The city has long balked at Judge Shira Scheindlin's involvement in the case: a leaked city memo earlier this year claimed a majority of her decisions indicate a bias against law enforcement.
"Given the judge's public comments and media interviews throughout the case, this decision was certainly not a surprise," the mayor said.
Bloomberg recalled Scheindlin offering "strategic advice" to his opposition "even before the start of the case."
That accusation refers to an issue with a court policy known as the "related-case rule" which dictates that cases filed as "related" to earlier cases will go to the same judge that presided over the earlier related cases. This is why Scheindlin has presided over so many stop-and-frisk cases in her career.

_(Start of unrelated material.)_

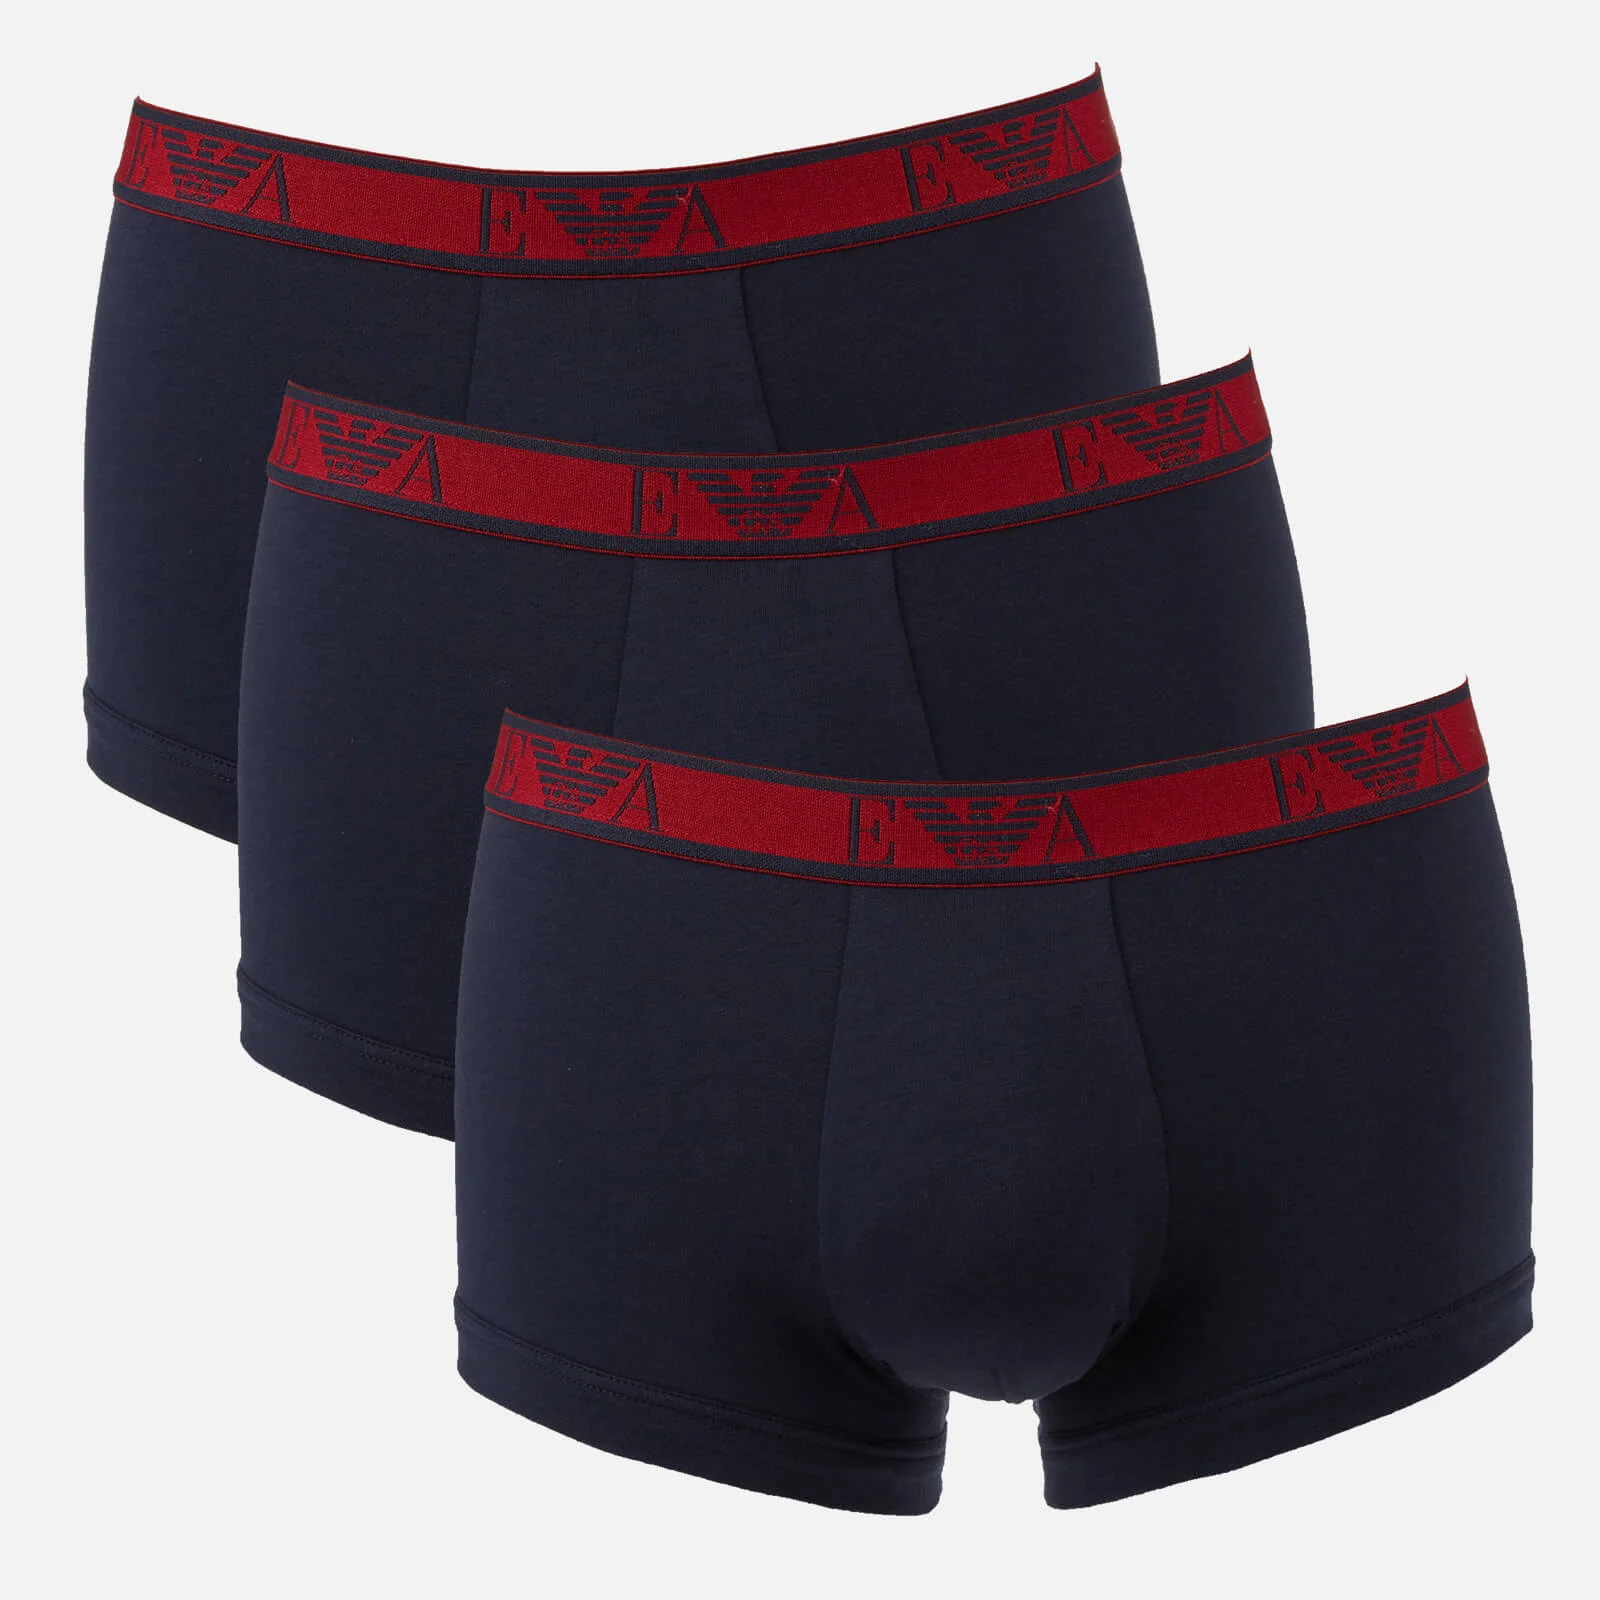 Emporio Armani Men's Monogram 3 Pack Trunk Boxer Shorts - Burgundy/Multi Image 1

"Throughout the case, we didn't believe that we were getting a fair trial," Bloomberg said. "This decision confirms that suspicion."
Bloomberg vowed the city will appeal the judge's ruling and said when they do, city lawyers will present evidence of the judge's "unfairness" to the Court of Appeals.
For his part, Police Commissioner Ray Kelly found the decision's allegations of racial profiling by the NYPD "disturbing and offensive" and called the accusation "recklessly untrue."
"We do not engage in racial profiling," Kelly said firmly. "It is prohibited by law, it is prohibited by our own regulations."
Kelly insisted that officers are taught reasonable suspicion is needed to justify a stop.
"I can assure you that race is never a reason to conduct a stop," Kelly said.
Kelly stuck largely to statistics attested that the department acts first and foremost in the interest of the poorest New Yorkers: last year, he said, 97 percent of all shooting victims were black or Hispanic and living in low-income neighborhoods.
The NYPD has confiscated "about 8,000 guns" over the last decade using stop-and-frisk, Kelly said, but his critics "sneer" at the figure "because the number is 'too low' compared to the number of stops."
In 2011 alone, 685,724 stops were recorded, according to the Center for Constitutional Rights.
While the mayor attacked the various components of judge's ruling, arguing that a court-appointed monitor will weaken or endanger the police force, Kelly appeared unbothered by the prospect of a monitor.
"The appointment of a monitor, while unnecessary in this most monitored police department already, I believe will only document what we have known all along," Kelly said. "That the New York City Police Department saves lives and that it trains its officers to do so lawfully and with full respect of the Constitution that serves and protects us all."